■ **Aim of the task**
Line by line, repeat the material below exactly and leave the images out.

■ **Exercise data**

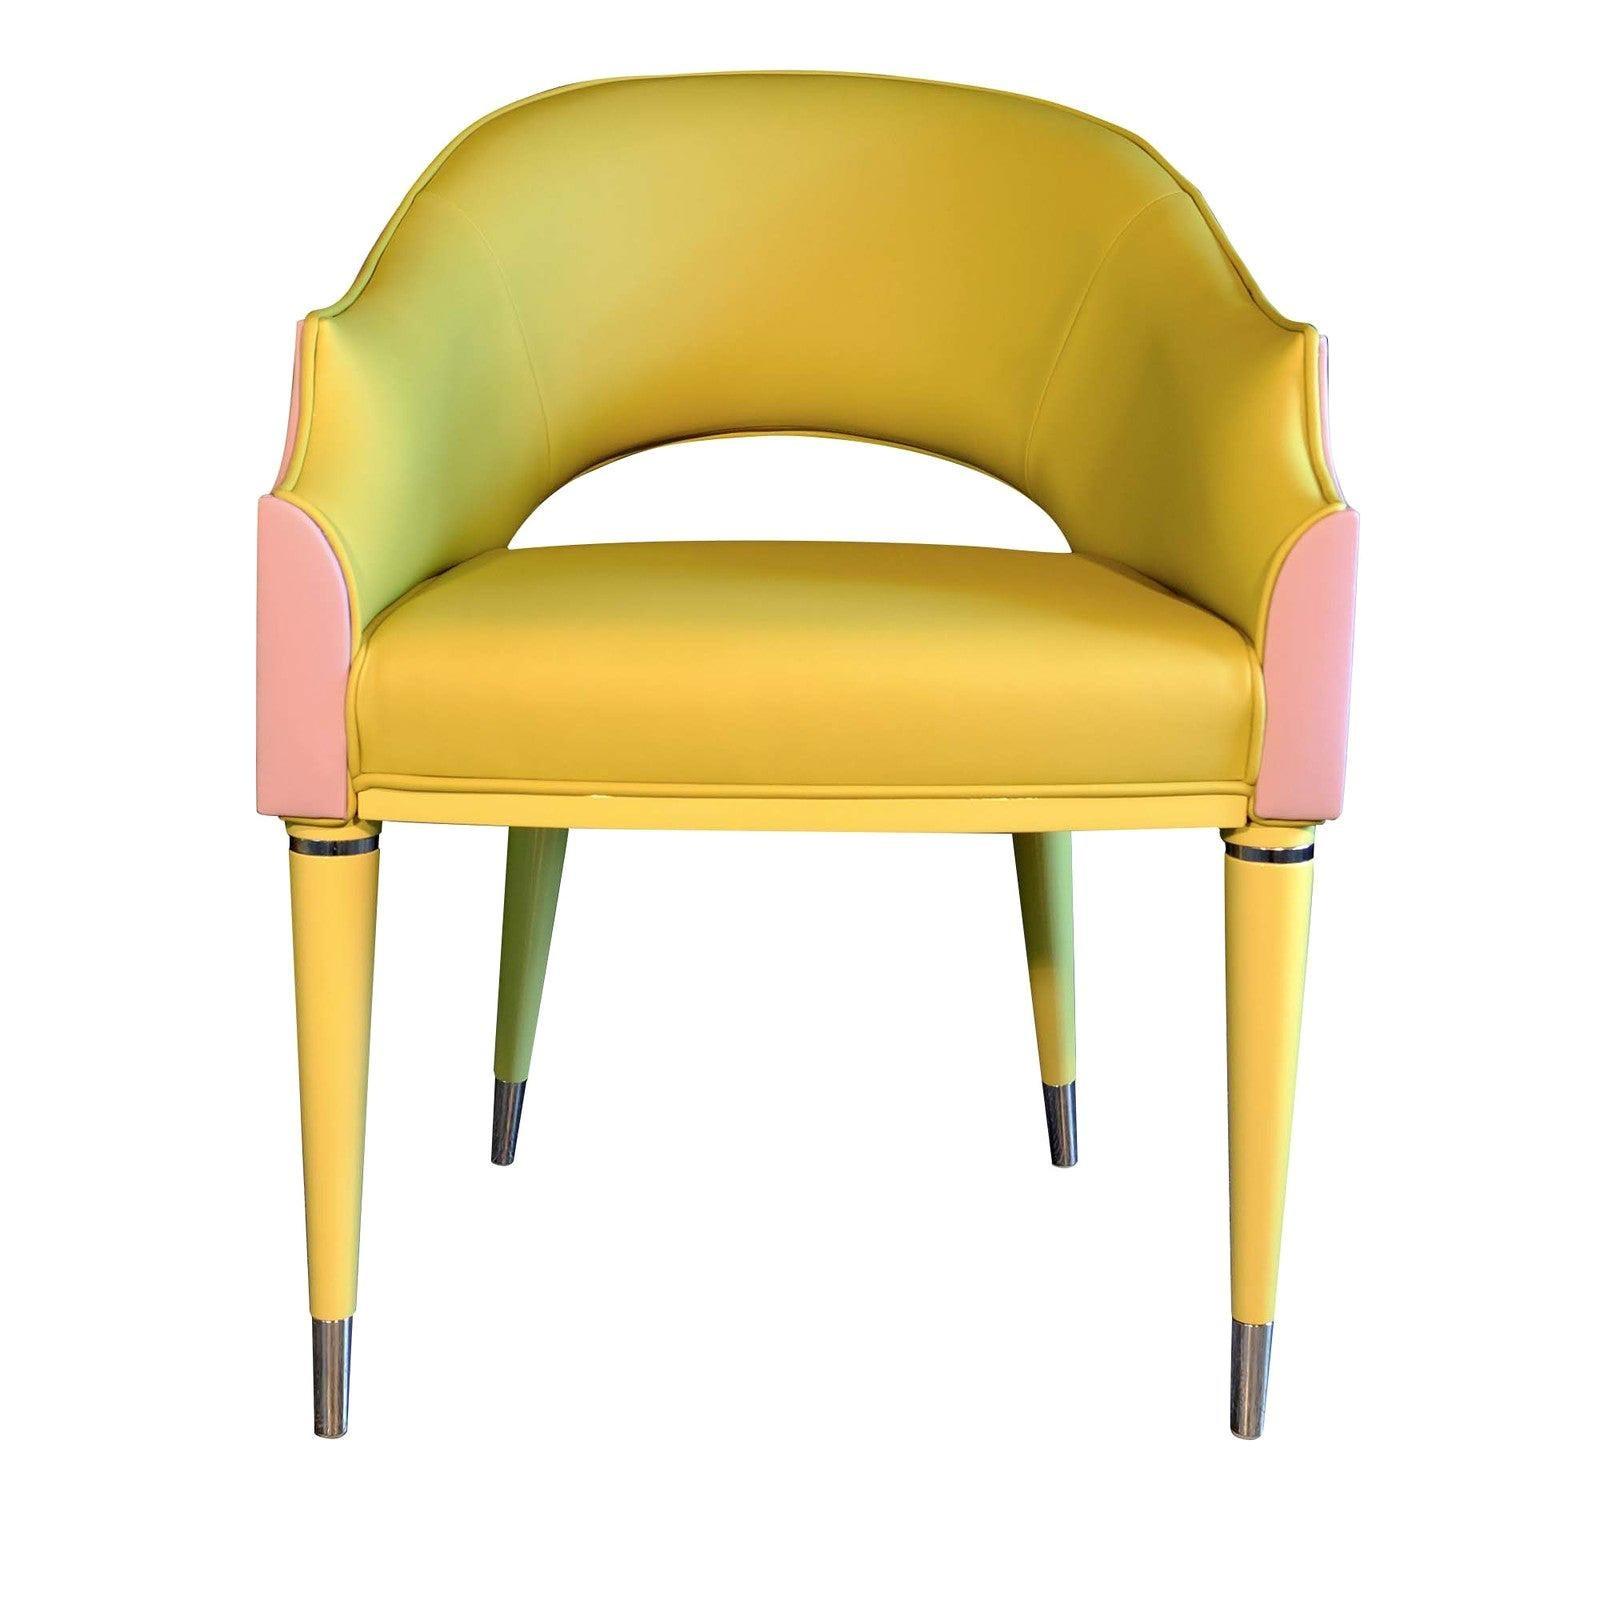 Crast Multi-Color Armchair
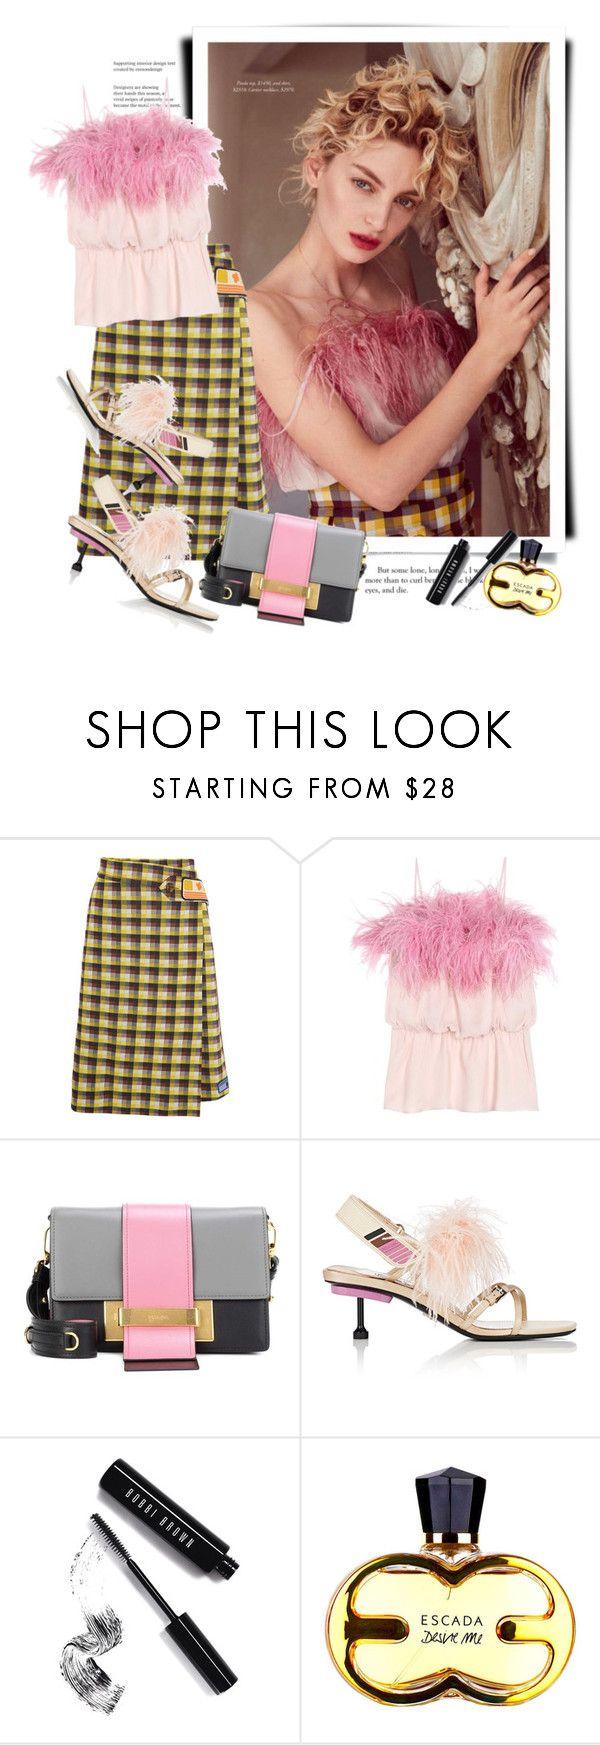 """Prada Spring 2017"" by sella103 ❤ liked on Polyvore featuring Prada and Bobbi Brown Cosmetics"
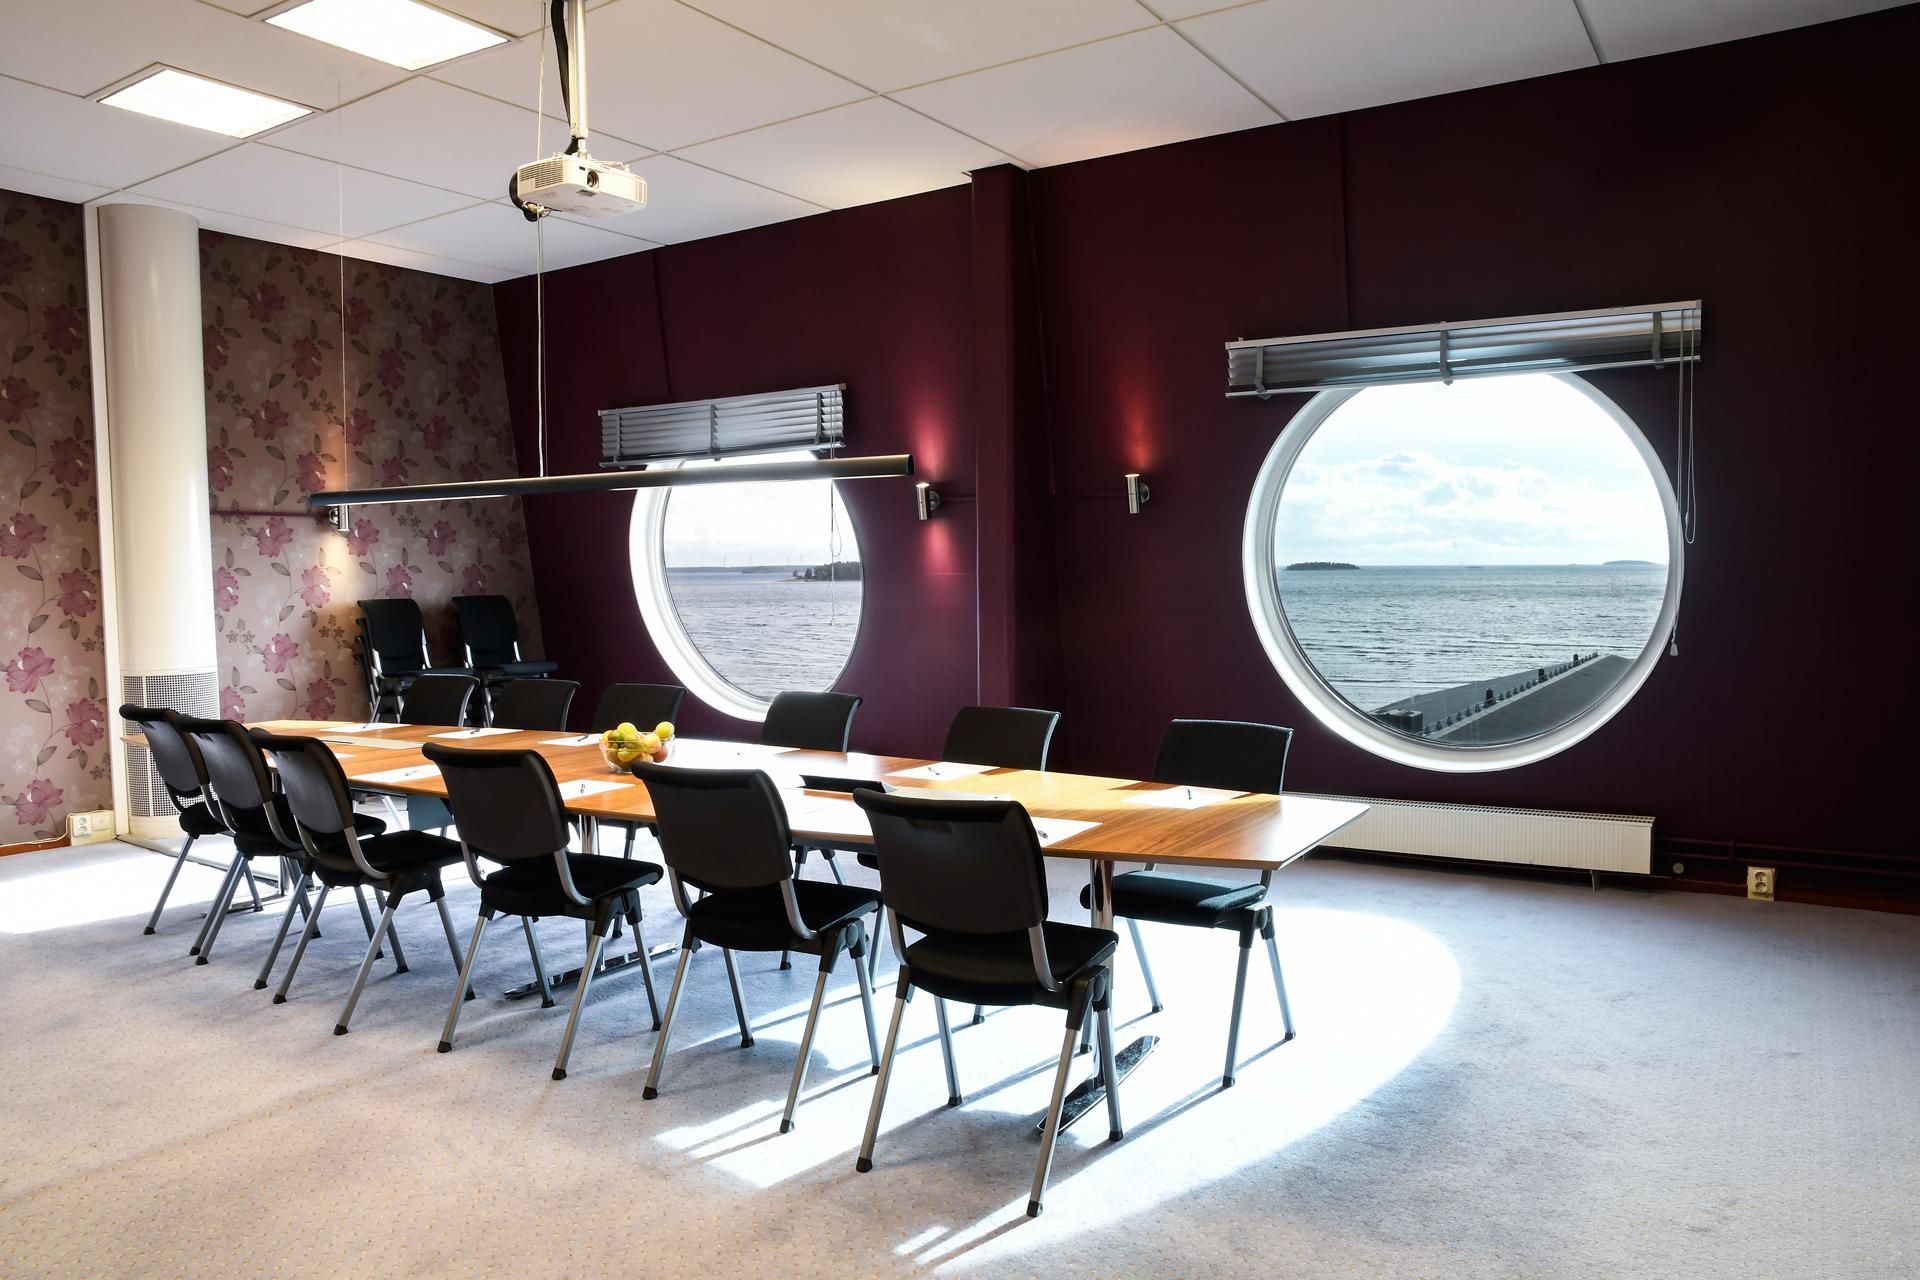 Konferensrum med havsutsikt - Pite Havsbad

■ **Reply**
 Crast Multi-Color Armchair
 """Prada Spring 2017"" by sella103 ❤ liked on Polyvore featuring Prada and Bobbi Brown Cosmetics"
 Konferensrum med havsutsikt - Pite Havsbad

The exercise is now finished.